ARTICLES OF AMENDMENT
MORGAN STANLEY INSTITUTIONAL FUND, INC., a Maryland corporation (the “Corporation”), does hereby certify to the State Department of Assessments and Taxation of Maryland (the “Department”) that:
FIRST: The Corporation is registered as an open-end investment company under the Investment Company Act of 1940.
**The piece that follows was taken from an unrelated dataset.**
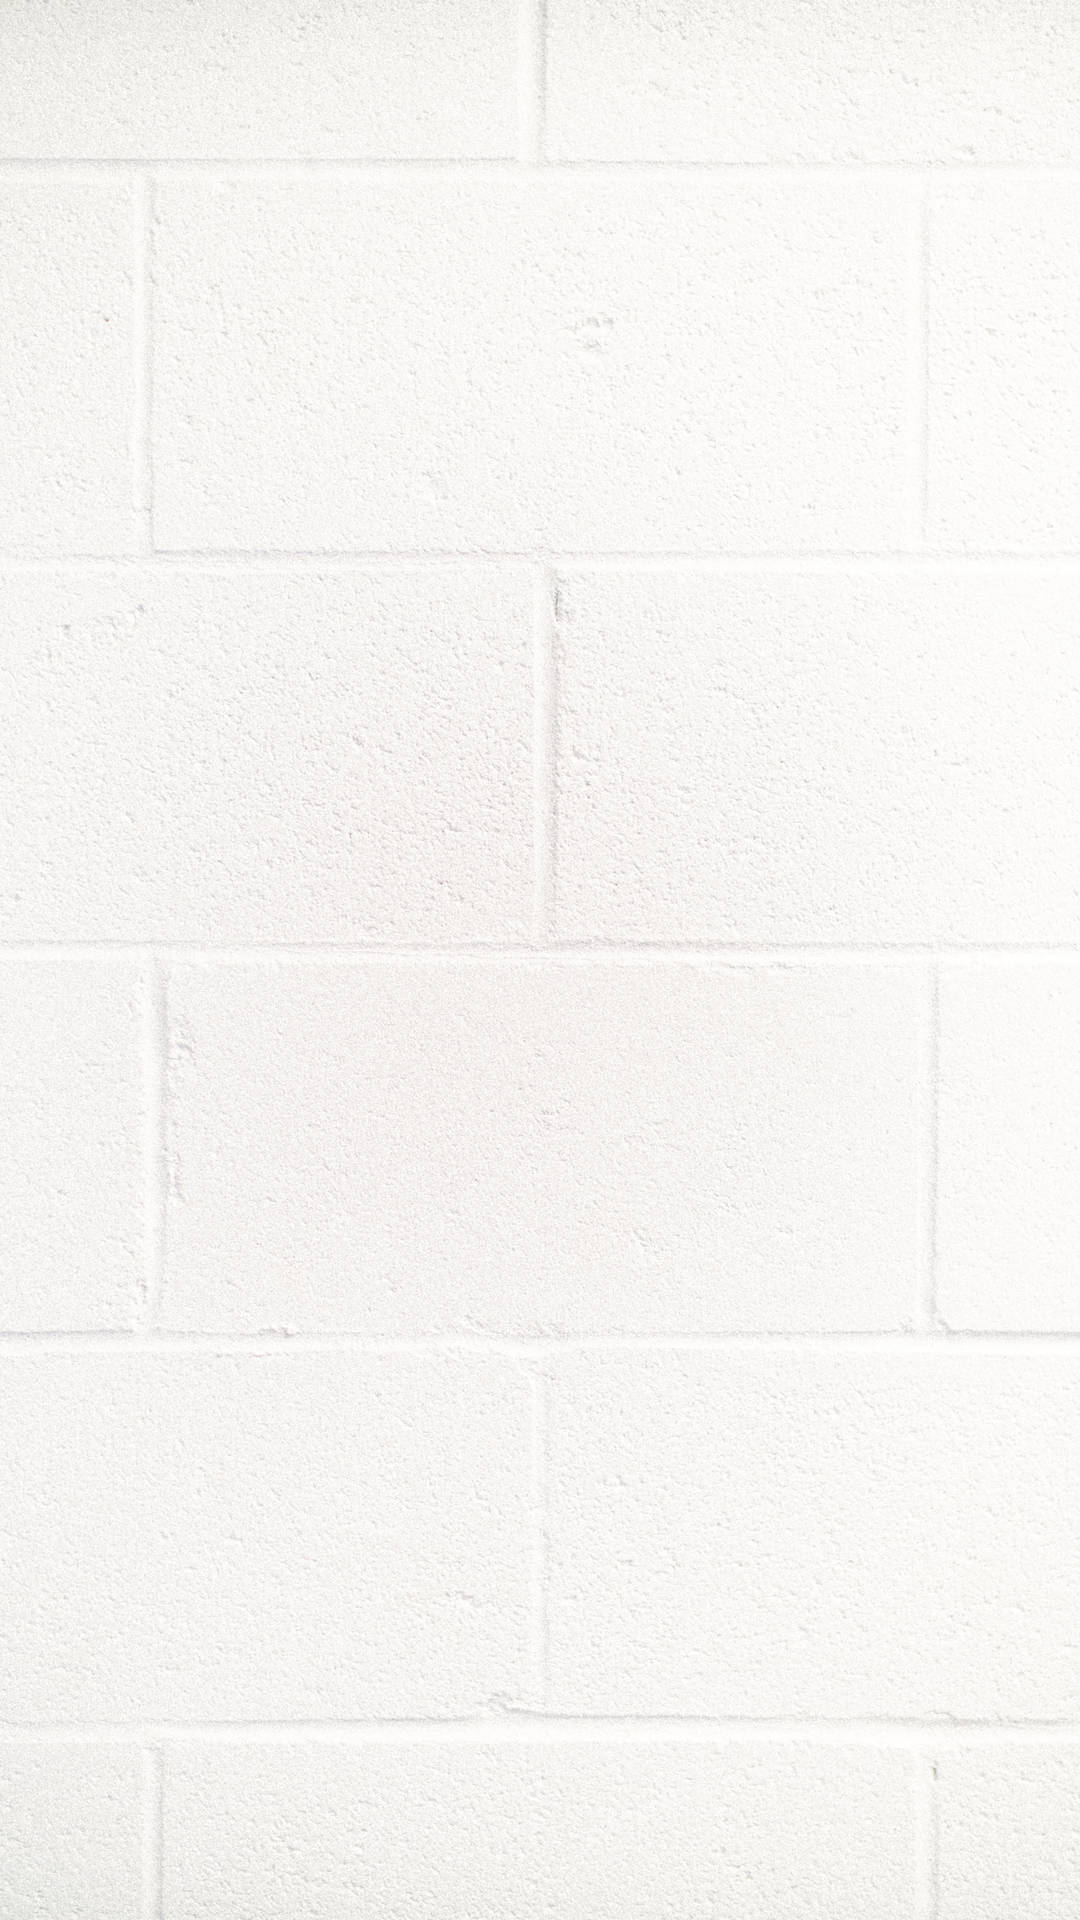 White 3376X6000 wallpaper
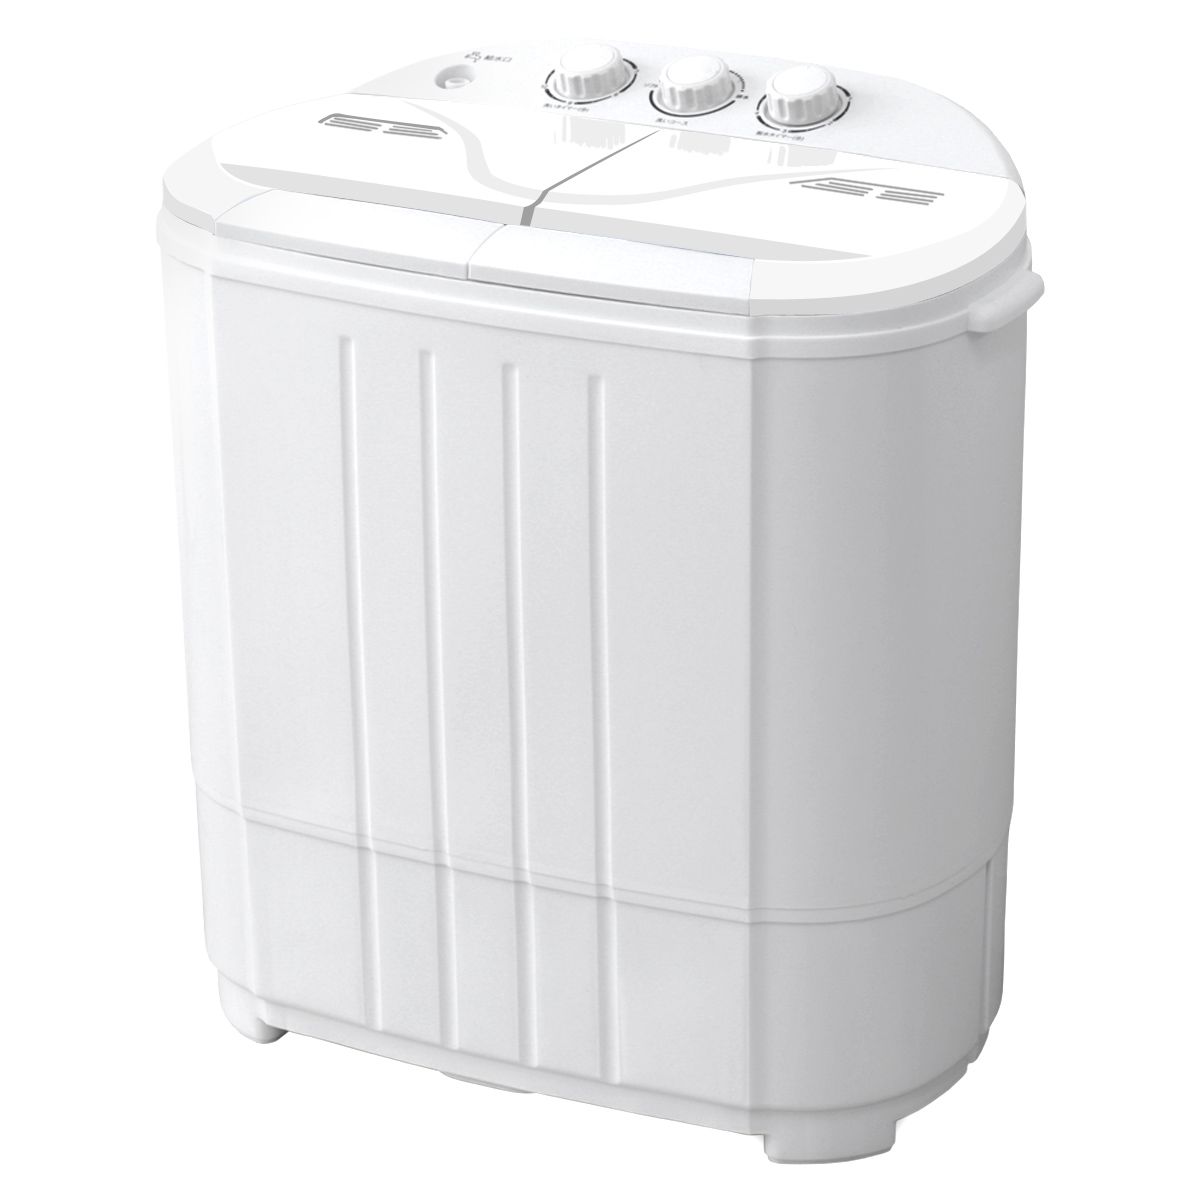 小型洗濯機 ミニ洗濯機 二層式洗濯機 別洗い 3.6kg 脱水機能付 洗濯機 分け洗い コンパクト

SECOND: Pursuant to the authority contained in Section 2-605(a)(2) of the MARYLAND GENERAL CORPORATION LAW (the “MGCL”), the Board of Directors of the Corporation at a meeting duly convened and held on September 29-30, 2010 approved the change of the names of the Global Growth Portfolio and the Equity Growth Portfolio, each a portfolio of common stock of the Corporation, to the Global Opportunity Portfolio and the Opportunity Portfolio, respectively.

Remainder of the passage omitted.